In truth, RTSP's usefulness broke down in a world of short videos and high-memory clients. For that limited 1998 hardware model, the client was assumed to lack sufficient memory for buffering an entire piece of content. Content was assumed to last dozens of minutes, if not hours. Thus, storing content on a media server and controlling it remotely was a reasonable solution. When reality kicked in, clients had more than enough memory. Content, for the most part, lasted just a couple of minutes. The very problems RTSP attempted to solve no longer existed.

However! Over the last few years, long term content and low-memory embedded devices have re-emerged. Many content providers offer feature length video via the internet. Handheld devices have become video-capable. Some ISPs are starting to offer set top boxes with ethernet interfaces rather than coaxial. Some homes are re-adopting the terminal-mainframe model by keeping a single high-capacity media server along with several thin clients for viewing.

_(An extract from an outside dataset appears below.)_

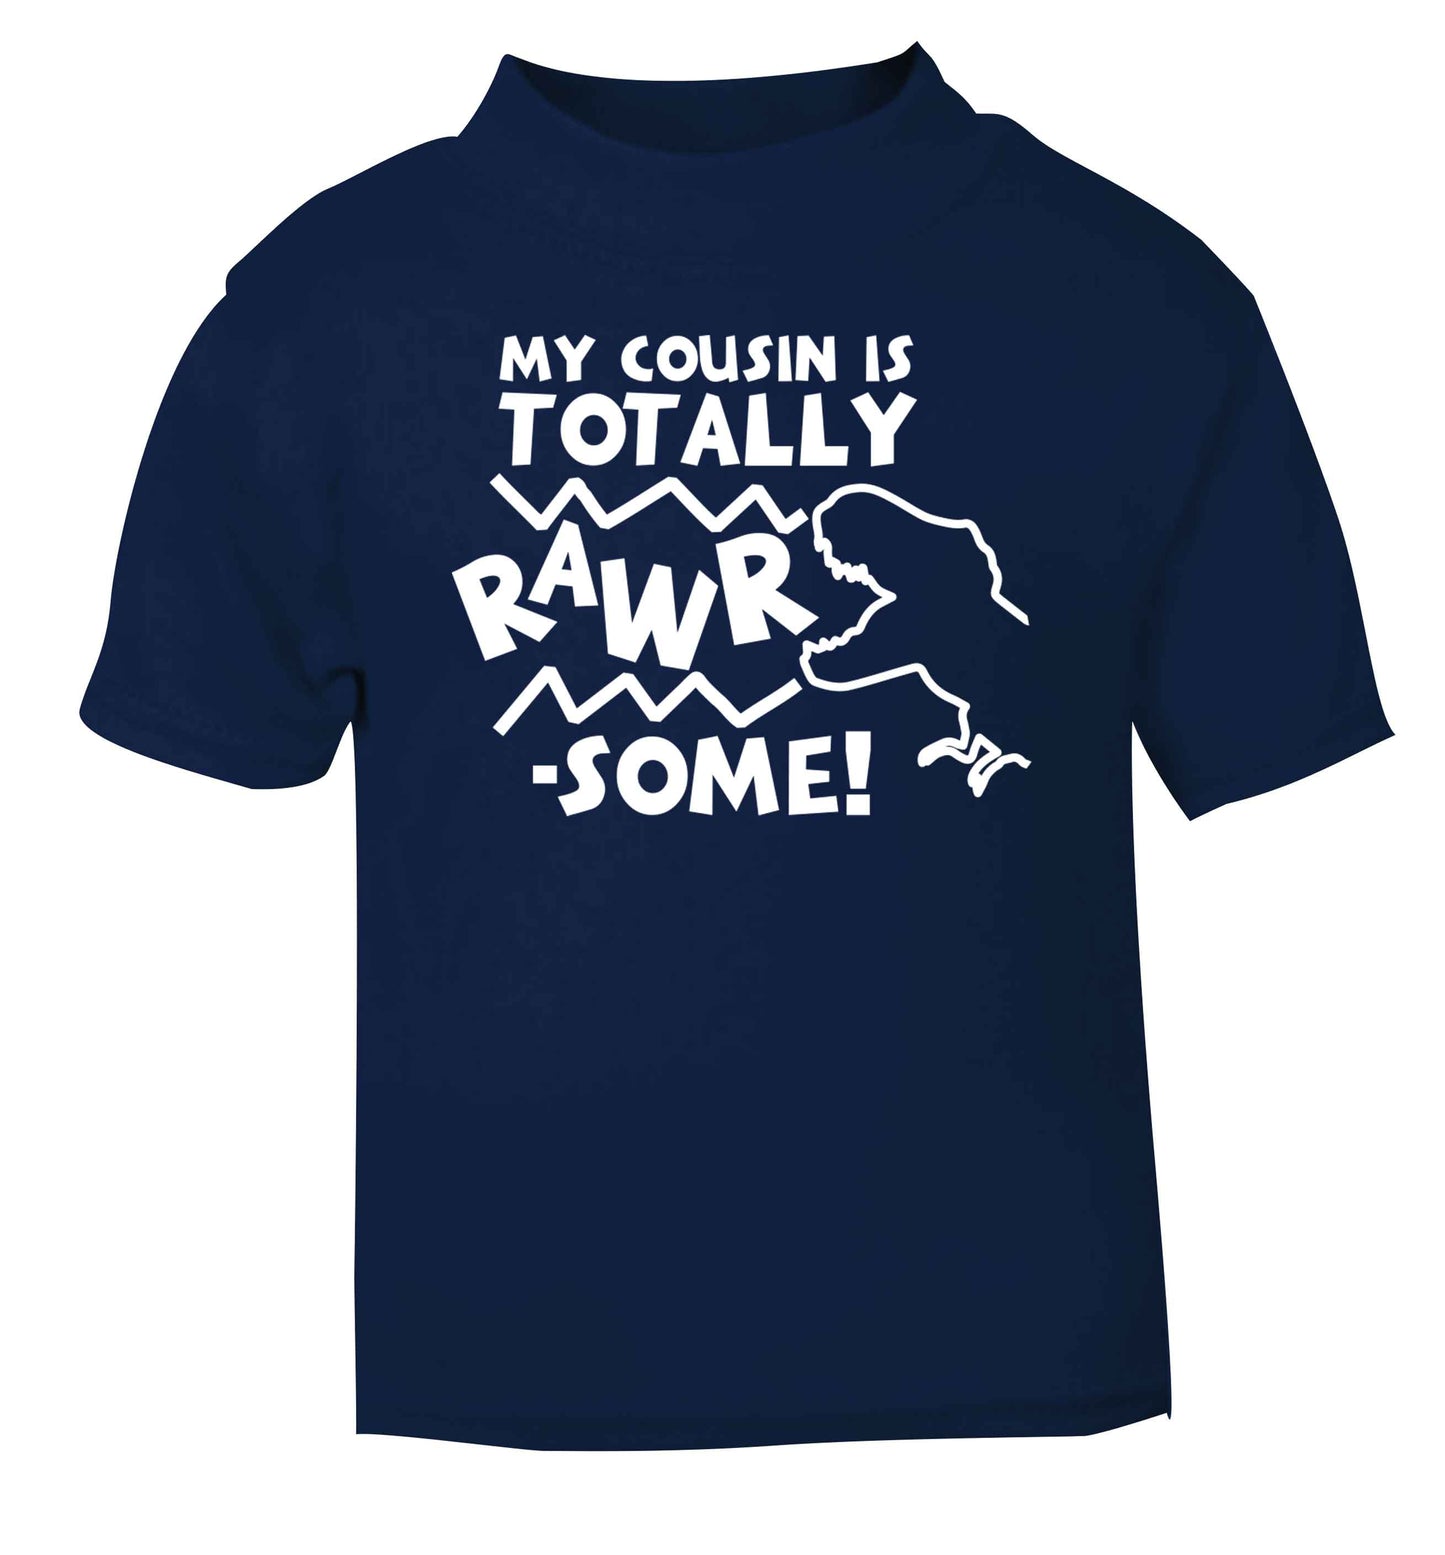 My cousin is totally rawrsome navy baby toddler Tshirt 2 Years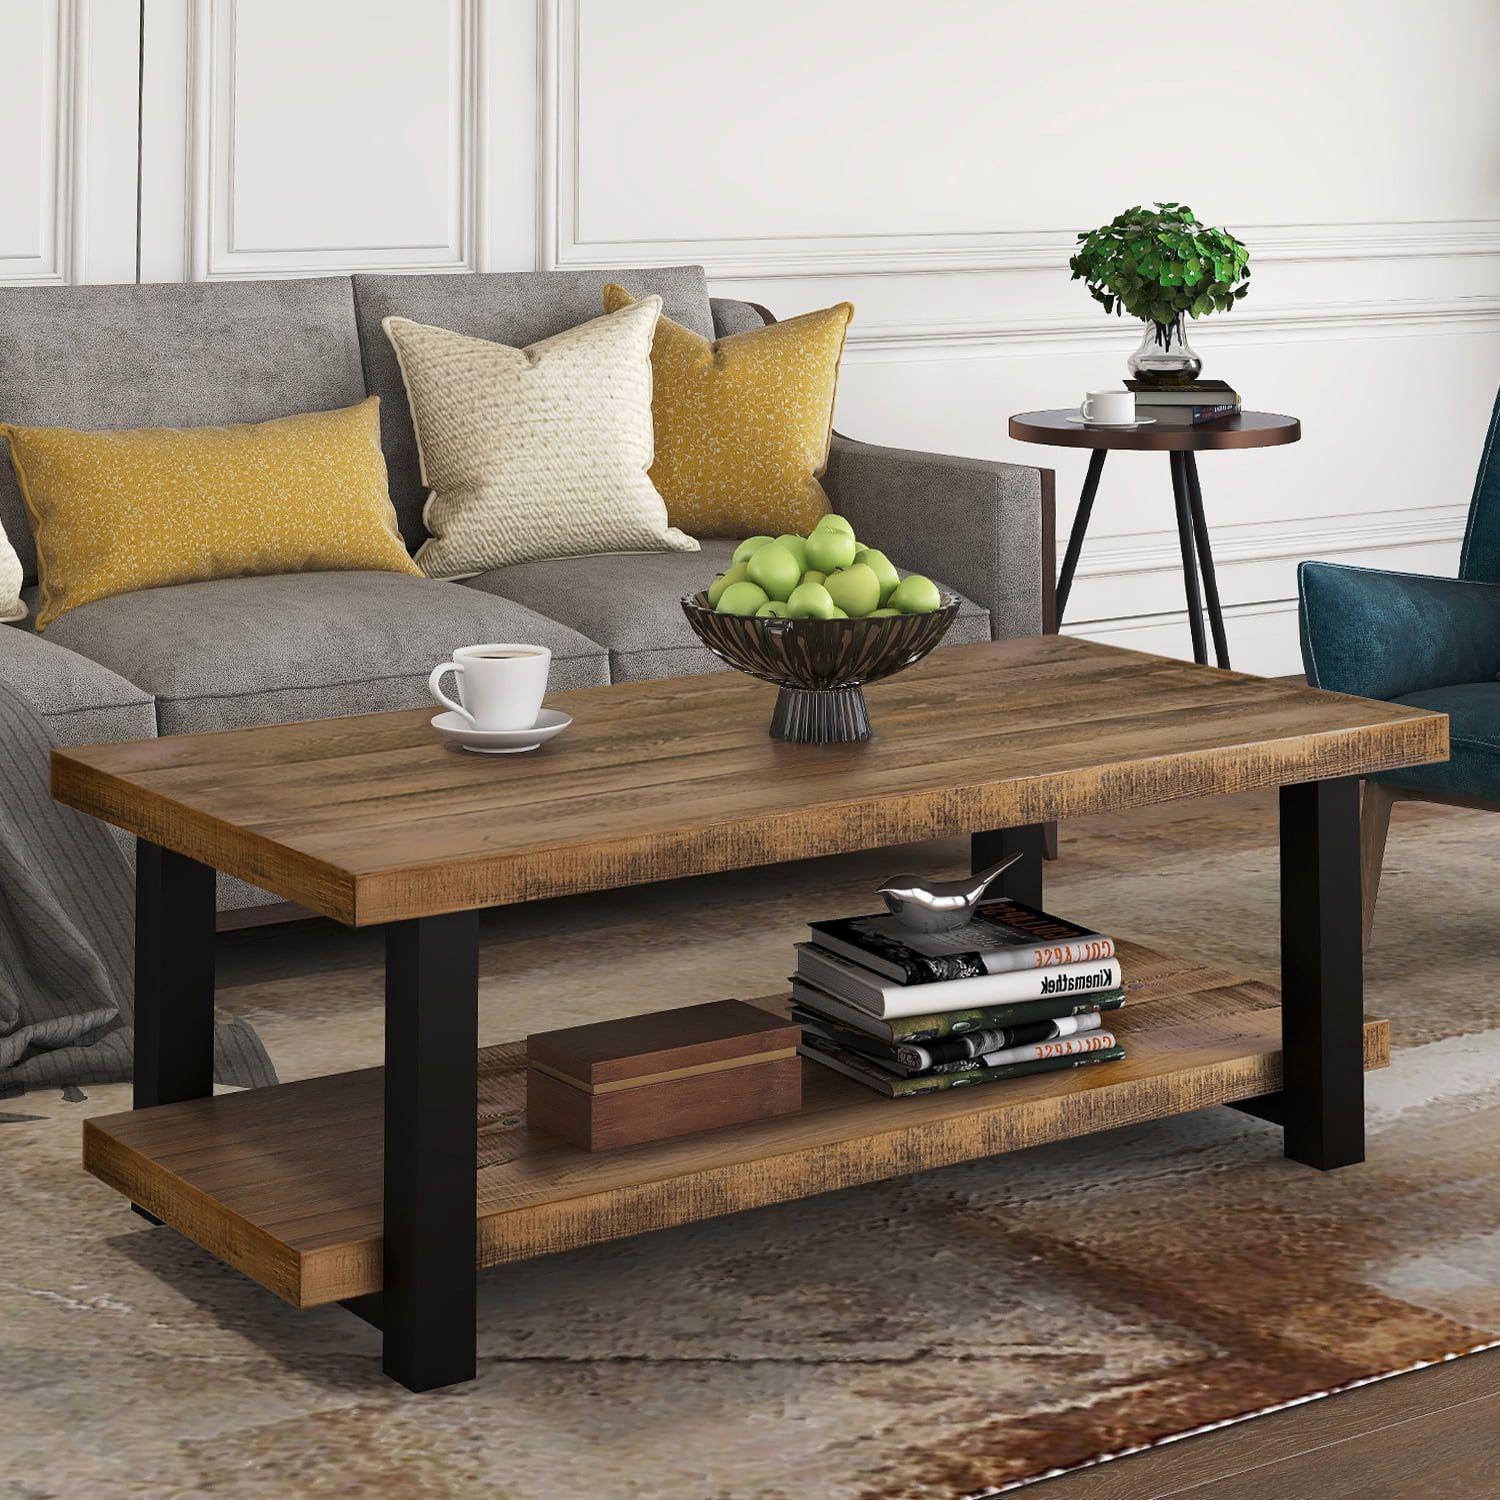 Topcobe Rustic Natural Coffee Table With Storage Shelf, Side End Table With Regard To Coffee Tables With Storage And Barn Doors (Gallery 17 of 20)

On top of all that, RTSP is born again.

Alright, Calvin glimpses a his scene while he's fast forwarding. Time to pause:

PAUSE * RTSP/1.0\r\n
Cseq: 3\r\n
Session: 5748271\r\n
Range: npt=now-\r\n
\r\n

Aha, found that scene. Calvin issues another PLAY, now with a normal scale:

PLAY * RTSP/1.0\r\n
Cseq: 4\r\n
Session: 5748271\r\n
Range: npt=now-\r\n
Scale: 1.0\r\n
\r\n

Once Calvin has satisfied his cinematic cravings, he stops the video and allows the server to release the session:

TEARDOWN * RTSP/1.0\r\n
Cseq: 5\r\n
Session: 5748271\r\n
\r\n

Of course, there's a lot more to RTSP. If this article has piqued your interest, I suggest reading RFC2326 http://tools.ietf.org/html/rfc2326. It's a breeze, really. If your eyes are truly on the future, take a look at http://tools.ietf.org/html/draft-ietf-mmusic-rfc2326bis-19. RTSP 2.0 is still in draft, but it's on the move.

As devices continue to shrink, thin small-footprint video clients will become more and more prevalent. Need a fun project? Write a compact RTSP library... You may not have the next Apache Web Server, but who knows where your efforts may take you.

- John "I am Spartacus!" Calthrup